1. エージェント型AIの時間軸は崩れた
企業の計画サイクルでは、通常、意味のある変化に12〜24カ月の期間を見込む。Hermesはそれを1四半期に圧縮した。結果として、計画と現実の間にずれが生じている。もし読者の所属する企業のロードマップがなお安定を前提としているなら、それはすでに時代遅れであり、見送るサイクルが増えるごとにその差は広がっていく。
実際、Hermesのウェブサイトでは、自社のエージェントをすぐに立ち上げて稼働させられると謳っている。
2. エージェント型AIのメモリーはもはや当たり前
従来のシステムは、同じことを何度も説明することを求めていた。チームは作業に入るたびに、ワークフロー、好み、構造を一から伝え直さなければならなかった。Hermesは設計段階から継続性を組み込んでおり、発生したパターンや決定をその場で取り込み、将来の作業に適用する。使うほど価値が増していくため、そもそも性能をどう測るかという考え方自体が変わる。
3. エージェント型AIの学習は時間とともに複利的に効く
ほとんどのシステムは、タスクを終えるとそこで止まる。Hermesは結果を振り返り、パターンを抽出し、再利用のために保存する。そのため、1つひとつのタスクが静かに次のタスクを改善していく。システム内部に育つのはモメンタム(前進する勢い)であり、それは一度にではなく、後になって成果として表れる類のものだ。
4. エージェント型AIのスキルは資産になりつつある
Hermesは問題を解決すると、その取り組み方を構造化されたスキルへと変換する。

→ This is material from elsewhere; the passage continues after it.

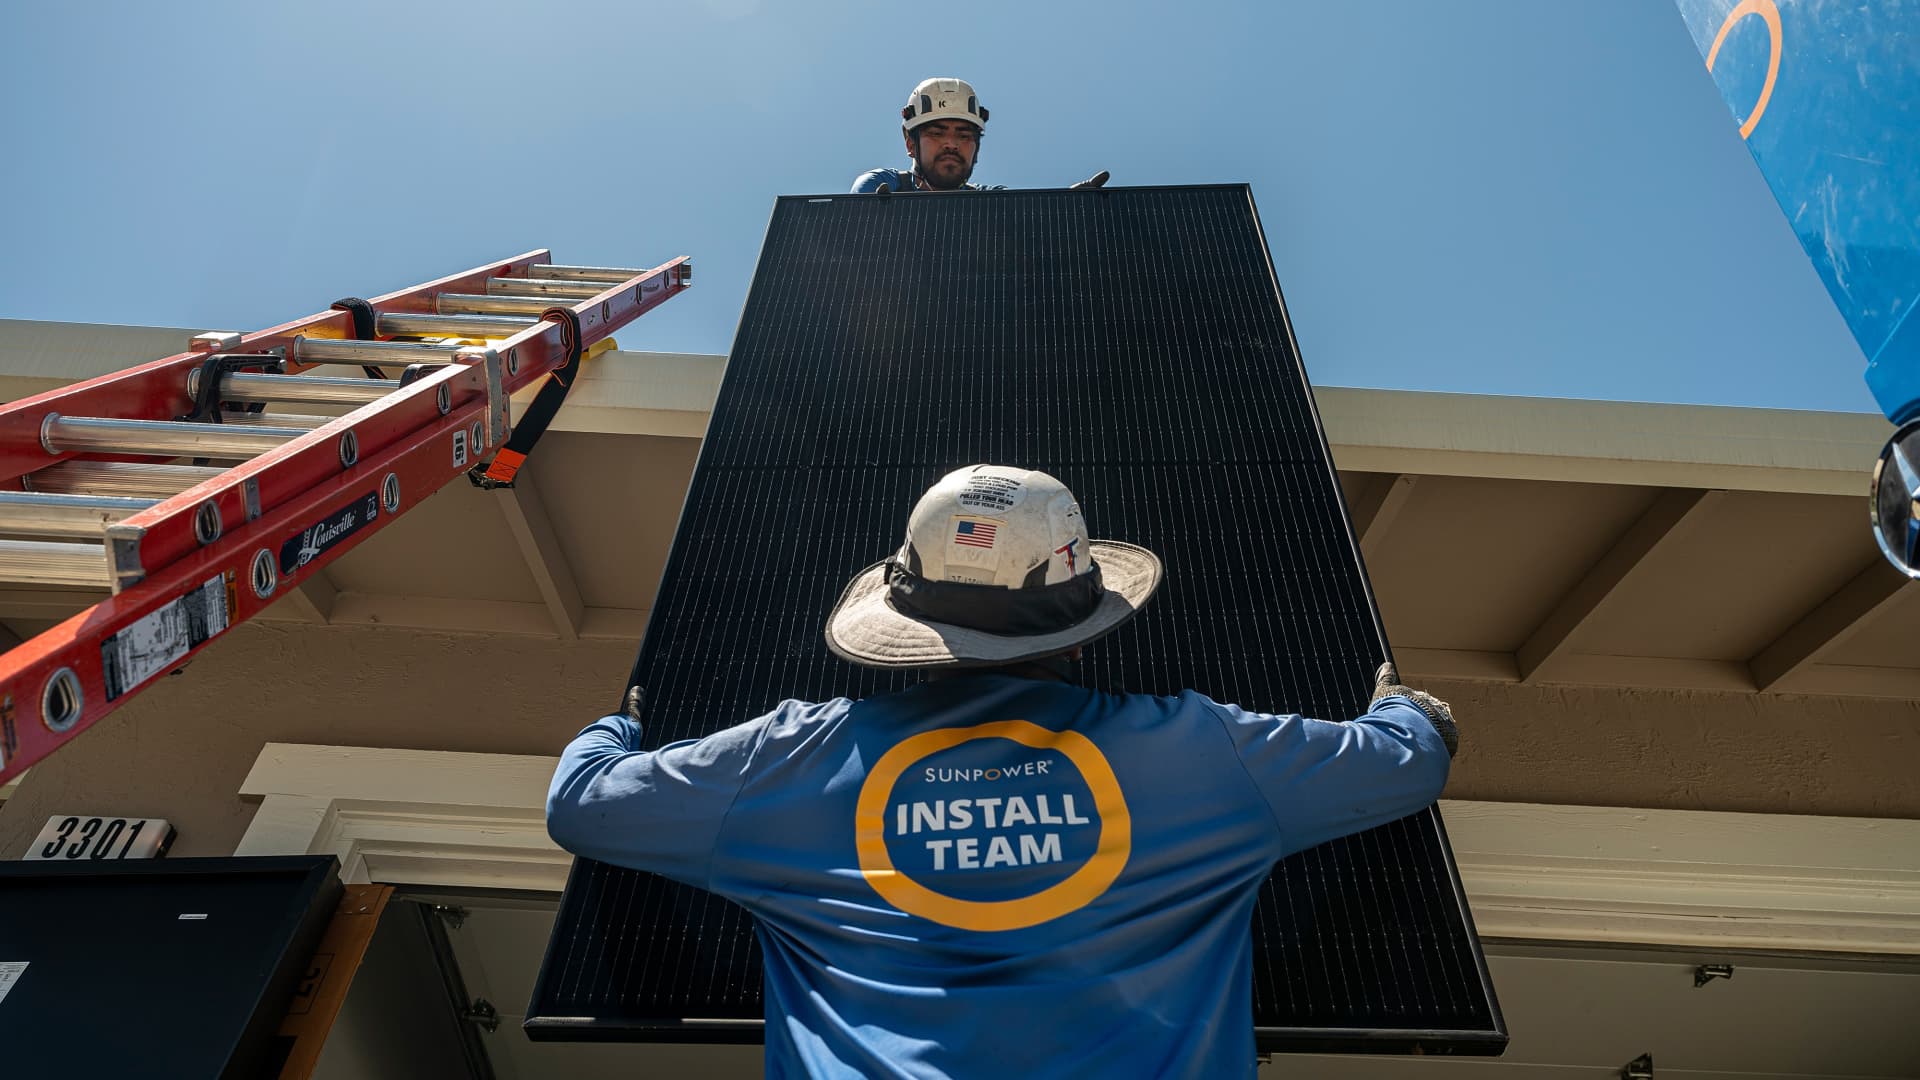 The bounce in long-suffering solar stocks could be for real, according to the charts

検索でき、共有でき、再利用できるものだ。これにより、コードともデータとも異なる新しい種類の資産が生まれる。それは繰り返し可能な実行能力であり、この点に早くから気づいたチームは、単なるワークフローの集積ではなく、能力のライブラリーを手にすることになる。

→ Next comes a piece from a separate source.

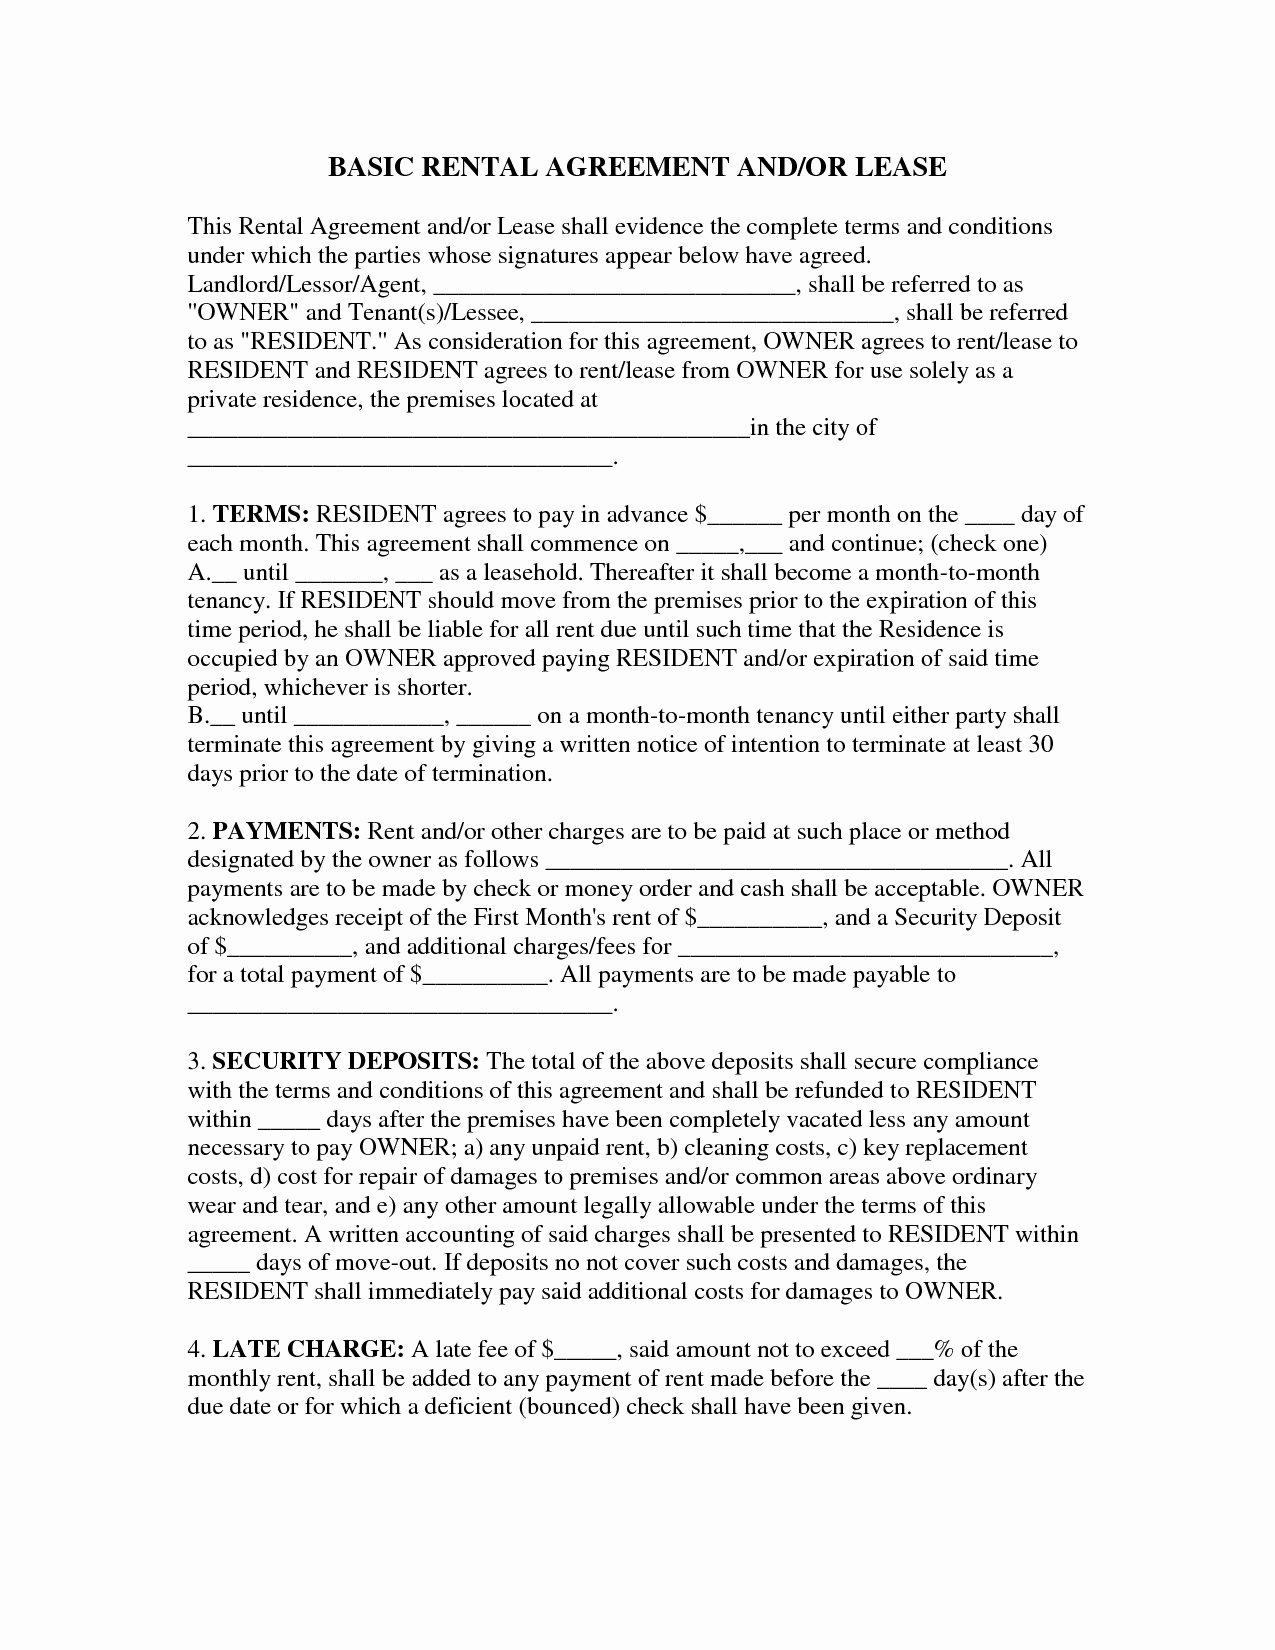 Basic Lease Agreement Template Unique Lease Basic Rental Agreement

すべてのCIO(最高情報責任者)は、エージェント型アーキテクチャー(システム構造)を学び、自らチームを率いていくべきだ。
5. エージェント型AIのスタックの輪郭が明確になりつつある
この1年、この分野に本当は何が必要なのかをめぐって多くの混乱があったが、ようやく1つの型が見え始めている。
スタック(基盤の構成階層)には、次の3つが必要だ。
何が、あるいは誰が行動しているのかを定義する「アイデンティティ」。システムやリソースへの接続を可能にする「アクセス」。そして仕事の進め方を決める「スキル」。
成果を出し始めている組織は、この3層構造に沿って動いている。その明快さ自体が、さらに効果を生み始めている。